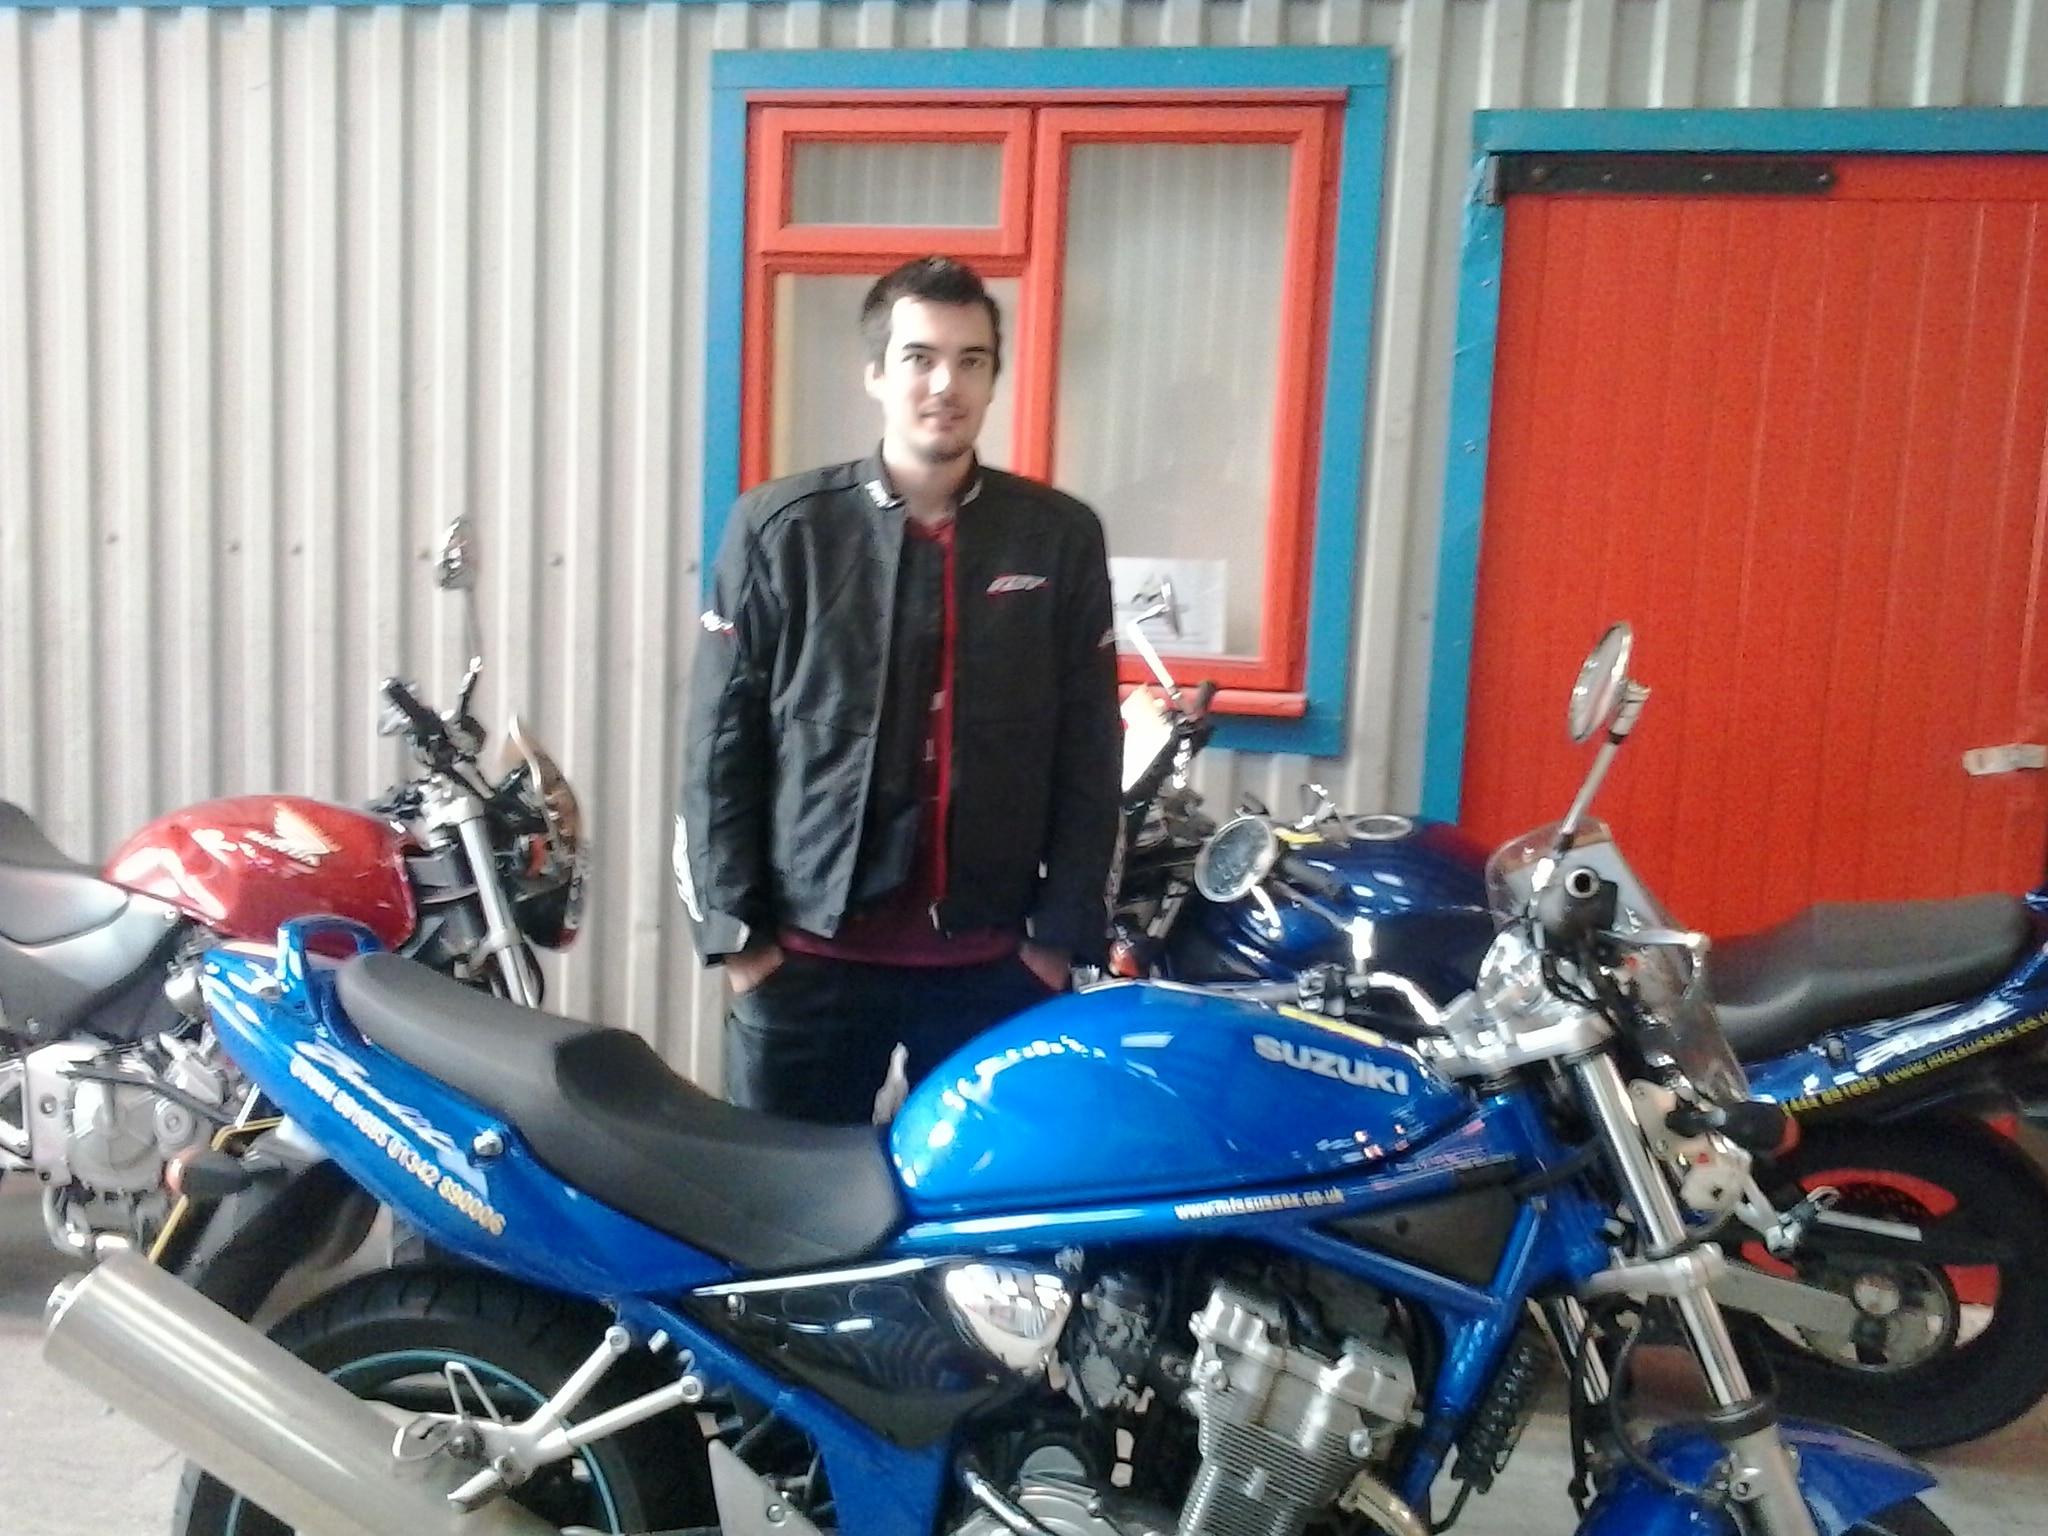 Hassocks has another motorbike rider!
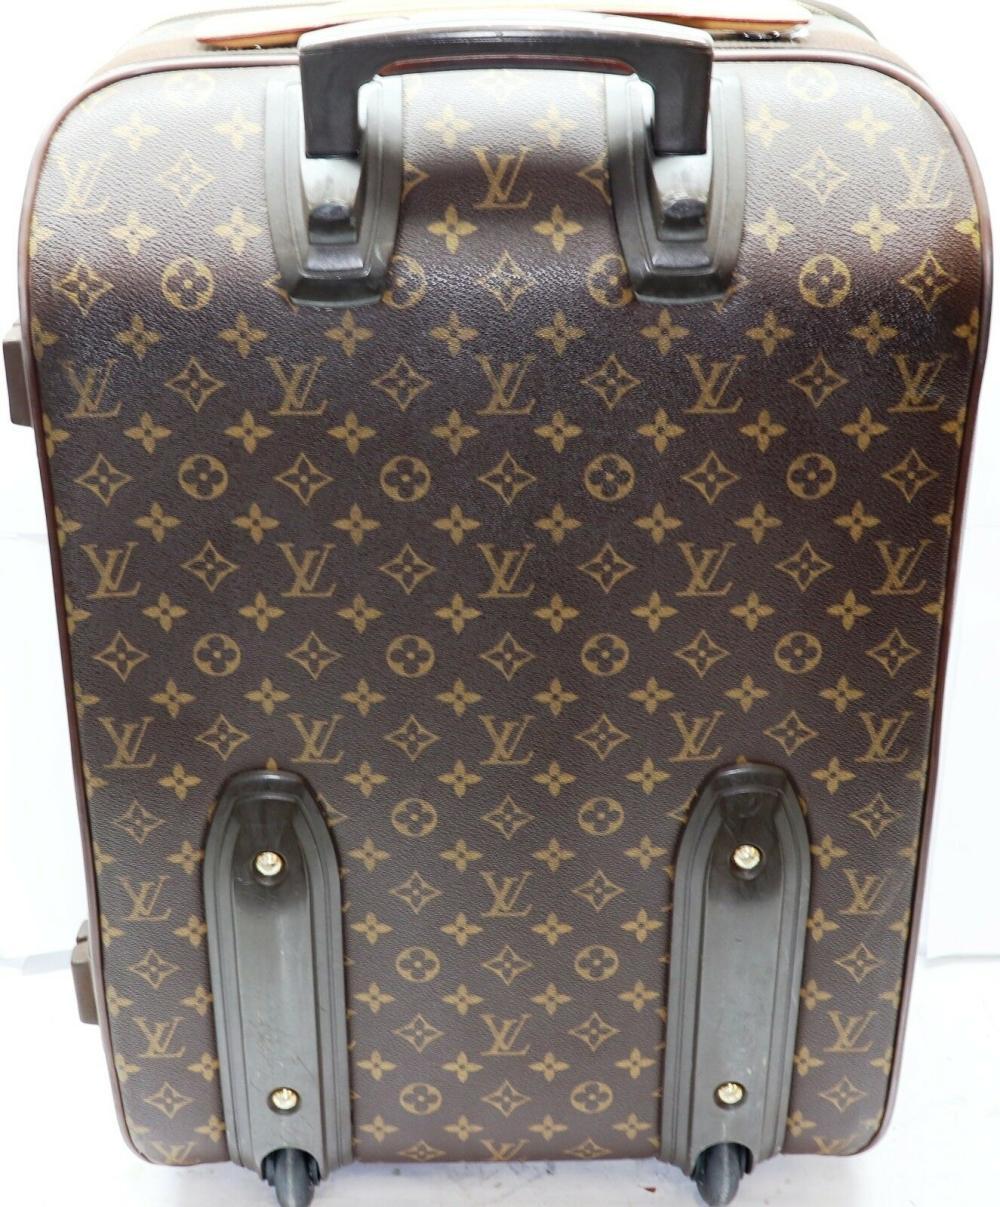 Lot 147: Louis Vuitton Monogram Pegase 55 Travel Carry On Bag
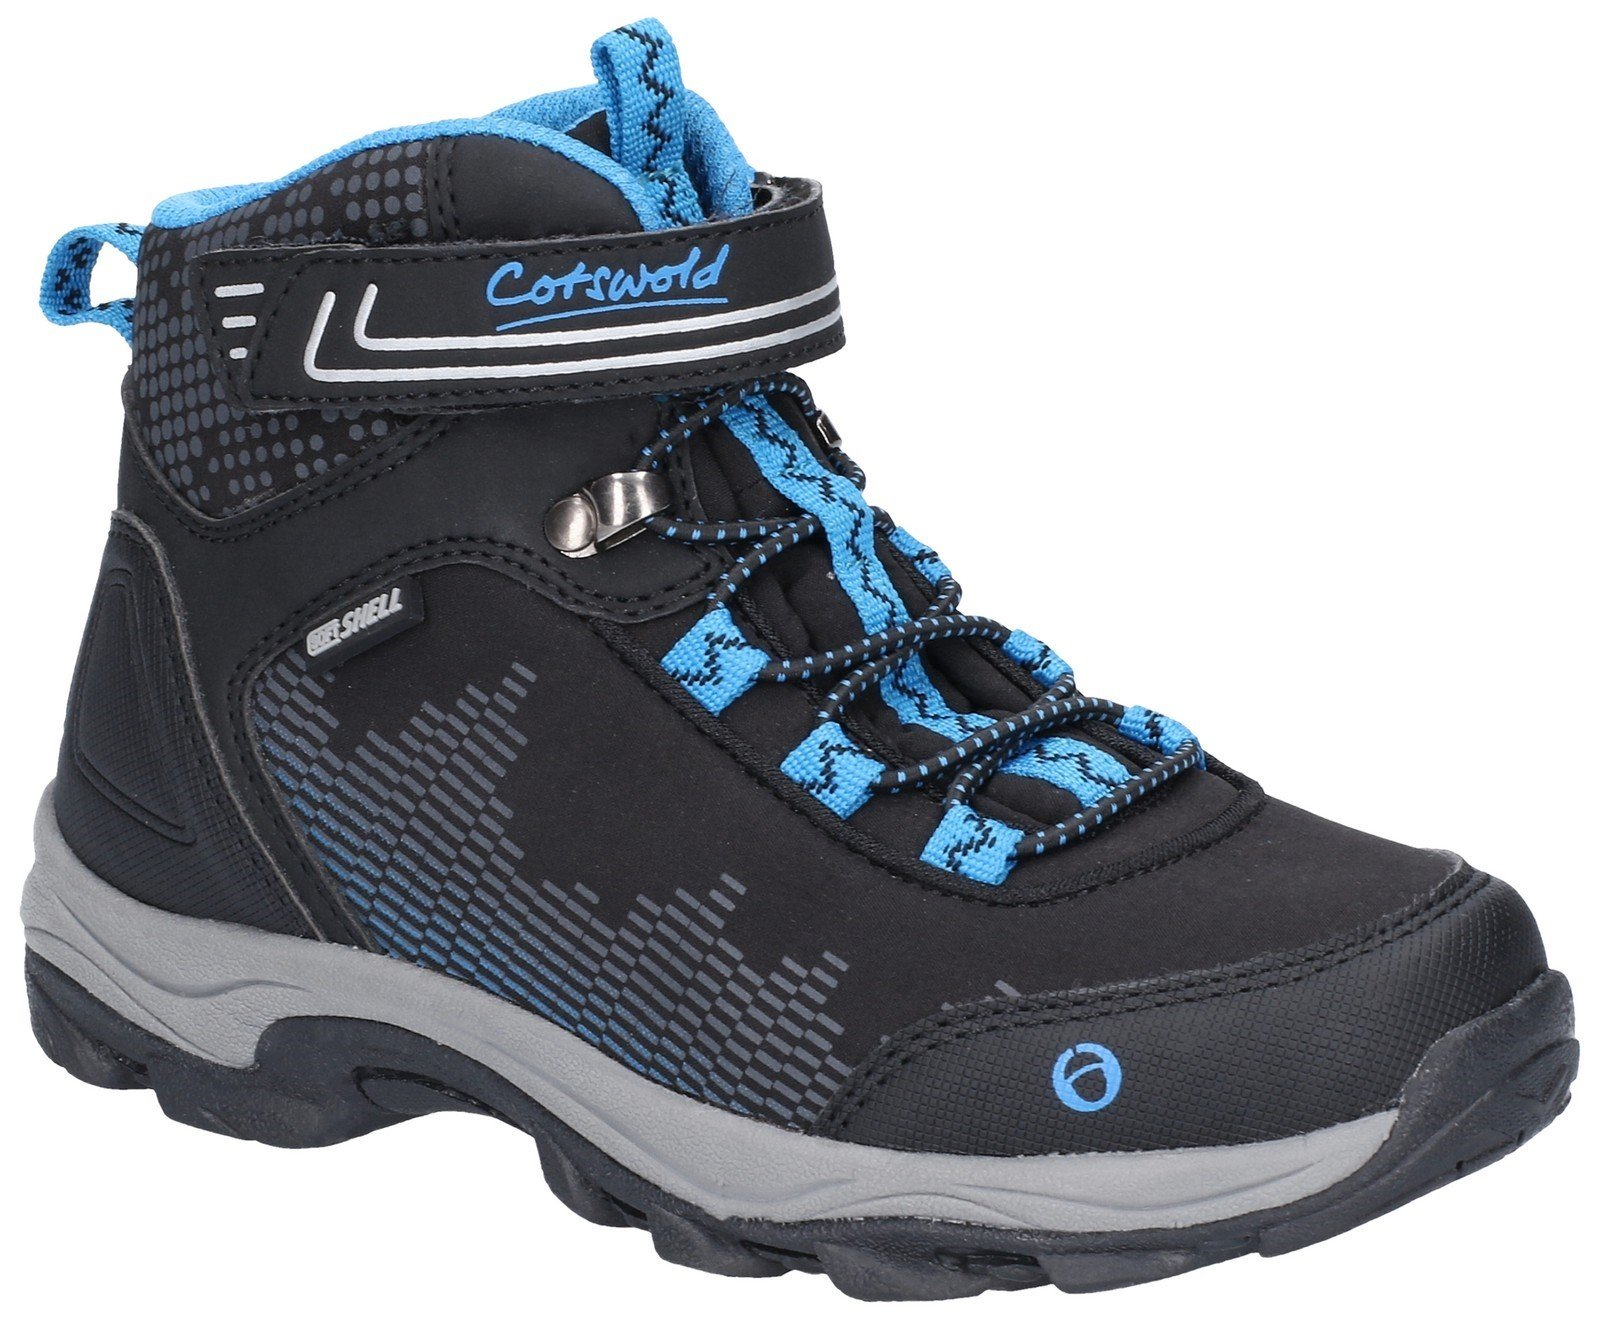 Cotswold Kids Ducklington Hiking Waterproof Boot Multicolor 28252 - Black/Blue 8

PROBLEM
Exclude the pictures, and transcribe all of the material exactly.

ANSWER BOX
 Hassocks has another motorbike rider!
 Lot 147: Louis Vuitton Monogram Pegase 55 Travel Carry On Bag
 Cotswold Kids Ducklington Hiking Waterproof Boot Multicolor 28252 - Black/Blue 8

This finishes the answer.